Mort en février 2013, Daniel Darc réapparait cet été sur des affiches et dans quelques salles de ciné, le temps d’un film : Daniel Darc, pieces of my life. A la manœuvre : les réalisateurs Marc Dufaud et Thierry Villeneuve. Parce que Dufaud a filmé Darc pendant une vingtaine d’années : chez lui, chez ses parents, dans la rue, dans le métro, parfois à l’arrache, entre deux cafés, deux balades, deux errances… La première fois que Dufaud a mis une caméra entre lui et Darc, c’était au début des années 1990. Sans scénario. Comme ça, pour voir, sentir, prendre la température, poser les bases d’un long métrage. C’était une quinzaine d’années après la formation de Taxi-Girl.
Les veines tranchées sur la scène du Palace
Images et archives à l’appui, Dufaud et Villeneuve remontent le temps. Juste pour rappeler comment Daniel Rozoum, né en 1959 à Paris, est devenu Daniel Darc. Comment l’ado du lycée Balzac a été propulsé leader-chanteur du groupe Taxi-Girl en 1977. Un hasard… Darc le dit lui-même : il ne savait pas chanter, mais il était punk, il avait les cheveux courts et il bougeait mieux que les autres, alors il a été choisi. La suite, c’est le tube Cherchez le garçon en 1980, les couv’ de magazines, les passages à la télé, mais aussi les veines tranchées sur la scène du Palace, en première partie des Talking Heads, pour le sang qui gicle « comme dans les films de Peckinpah », confie Darc face à Dufaud. C’est l’époque de tous les excès, la vie à toute vitesse, le « no future » et autre « mourir à 21 ans comme Cochran ». Autodestruction au menu. Overdose de Pierre Wolfsohn, le batteur de Taxi-Girl : un frère pour Darc. Et fin de partie pour le groupe au milieu des années 1980.
L’homme au bras d’or…
La carrière solo de Darc, c’est celle d’un garçon qui se cherche toujours… Entre ses références multiples – elle vont de Jean Genet à William Burroughs, en passant par Lautréamont, Johnny Cash, John Coltrane ou James Dean…-, une quête de liberté et l’envie de « faire » des chansons, de la musique. C’est ce qui transpire des scènes tournées dans son appartement, qui suinte la déglingue. Une pièce minuscule où Darc fait tout : lire, écrire, dormir, se piquer… Car, durant les années 1990, son quotidien est rythmé par l’arrivée du dealer et l’heure des shoots, parfois à plusieurs sur une même seringue.

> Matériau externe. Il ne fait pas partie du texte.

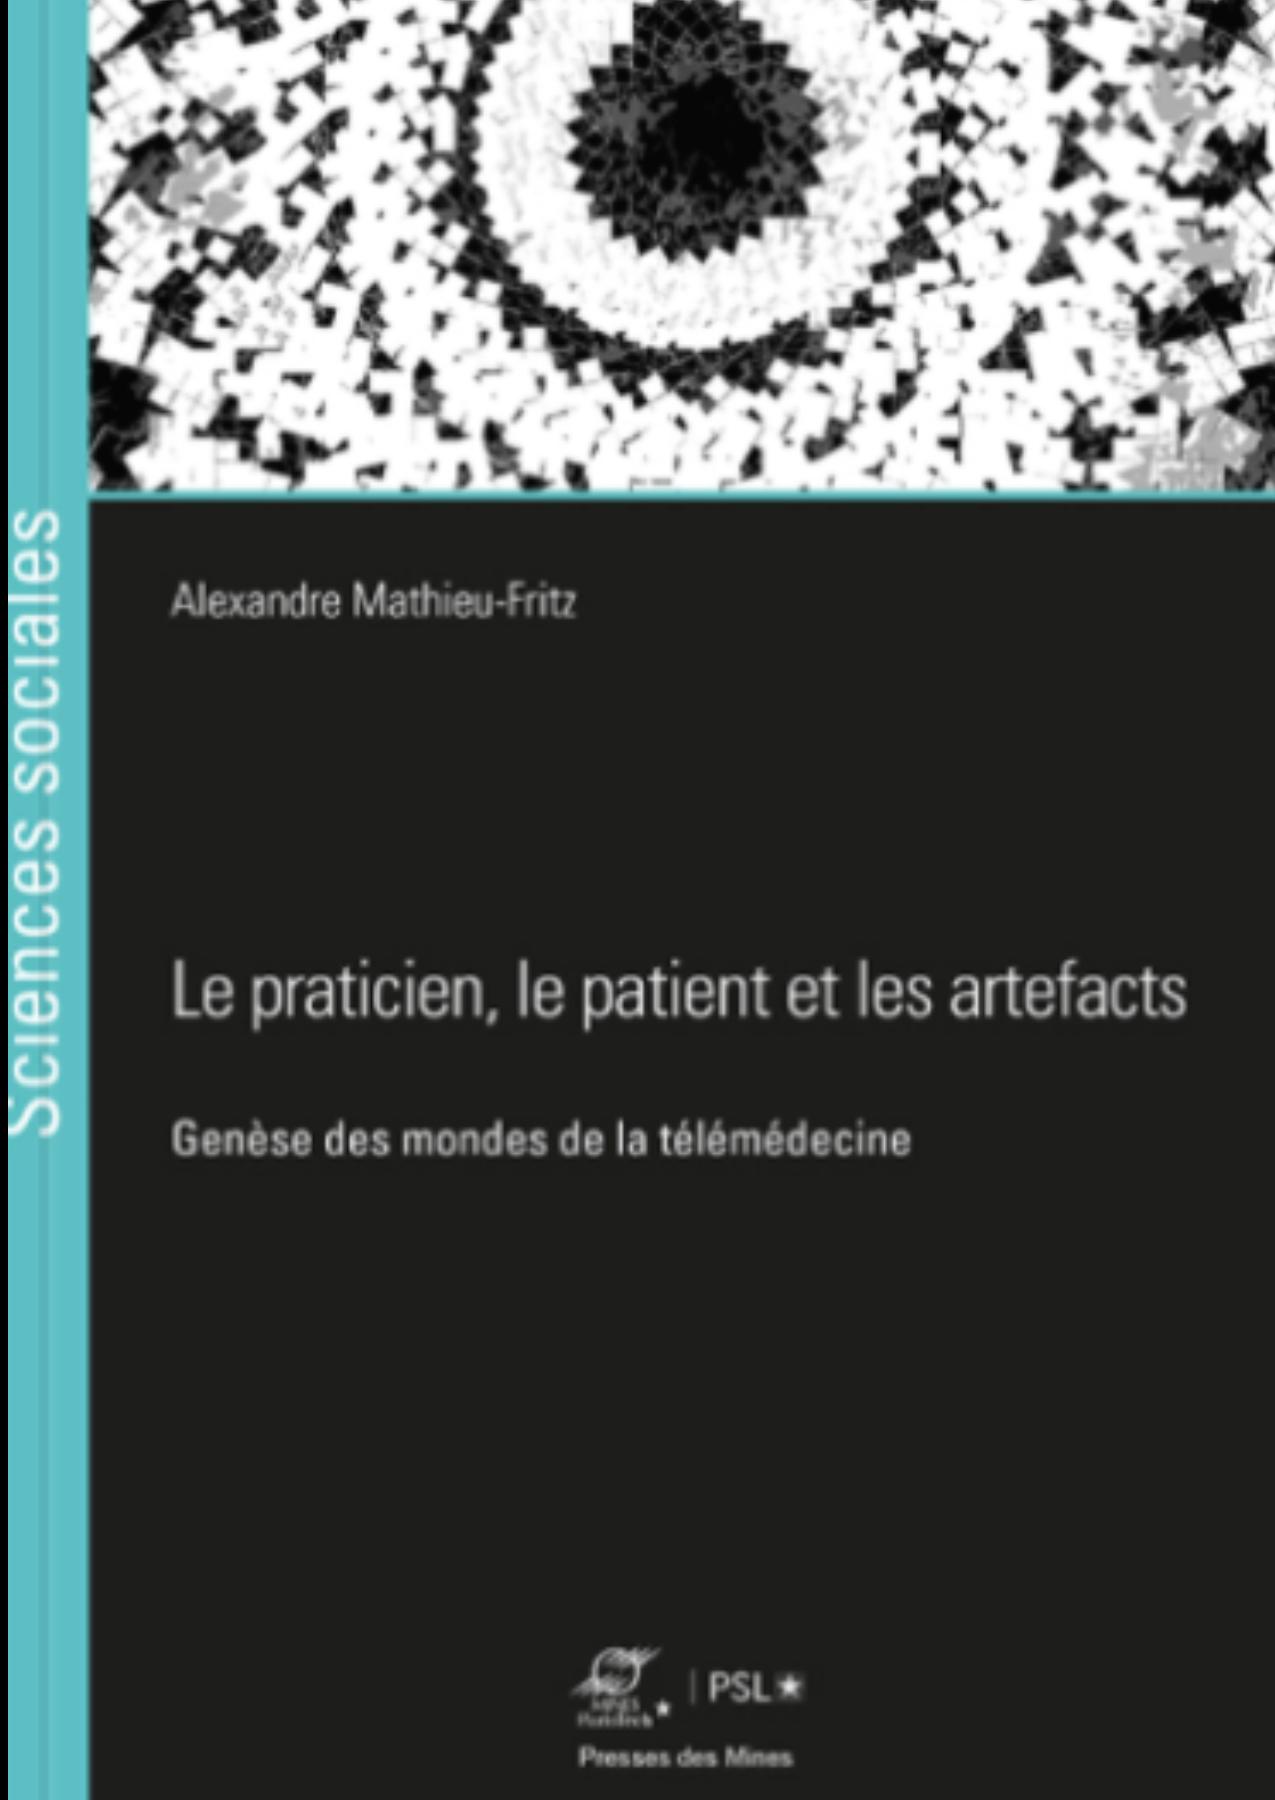 Le praticien, les patients et les artefacts

Des années compliquées, où Darc va même passer par la case prison. Où Darc se compare à L’homme au bras d’or.
« Il est arrivé à neuf heures moins cinq… »
Pas de complaisance dans le film de Dufaud et Villeneuve. On est dans le « dur », la réalité. Celle de Darc, le punk, le rocker. Mais aussi celle d’un long métrage à monter, avec des dizaines de bobines de film, comme autant de petits cailloux semés sur un chemin très chaotique. Puis, comme dans un bon polar, l’intrigue progresse. Darc se met à croire en Dieu. Il arrête l’héroïne. Il croise la route du musicien et producteur Frédéric Lo, qui lui donne rendez-vous un matin à 9 heures pour faire un disque, sans vraiment croire à sa venue. « Il est arrivé à neuf heures moins cinq », se souvient Lo. Quelques mois plus tard, l’album Crèvecœur sortira dans les bacs. Nous sommes en 2004, année de résurrection pour Darc, qui va même recevoir une Victoire de la Musique, dans la catégorie… « Révélation ». Pas banal pour un artiste dont la carrière avait déjà près de 30 ans. « Quand je mourrai, j’irai au paradis, car c’est en enfer que j’ai passé ma vie », a écrit Darc. Une phrase aux allures d’épitaphe. Elle résume aussi fort bien le très bon film de Dufaud et Villeneuve.
Daniel Darc, pieces of my life : sortie en salle le 24 juillet.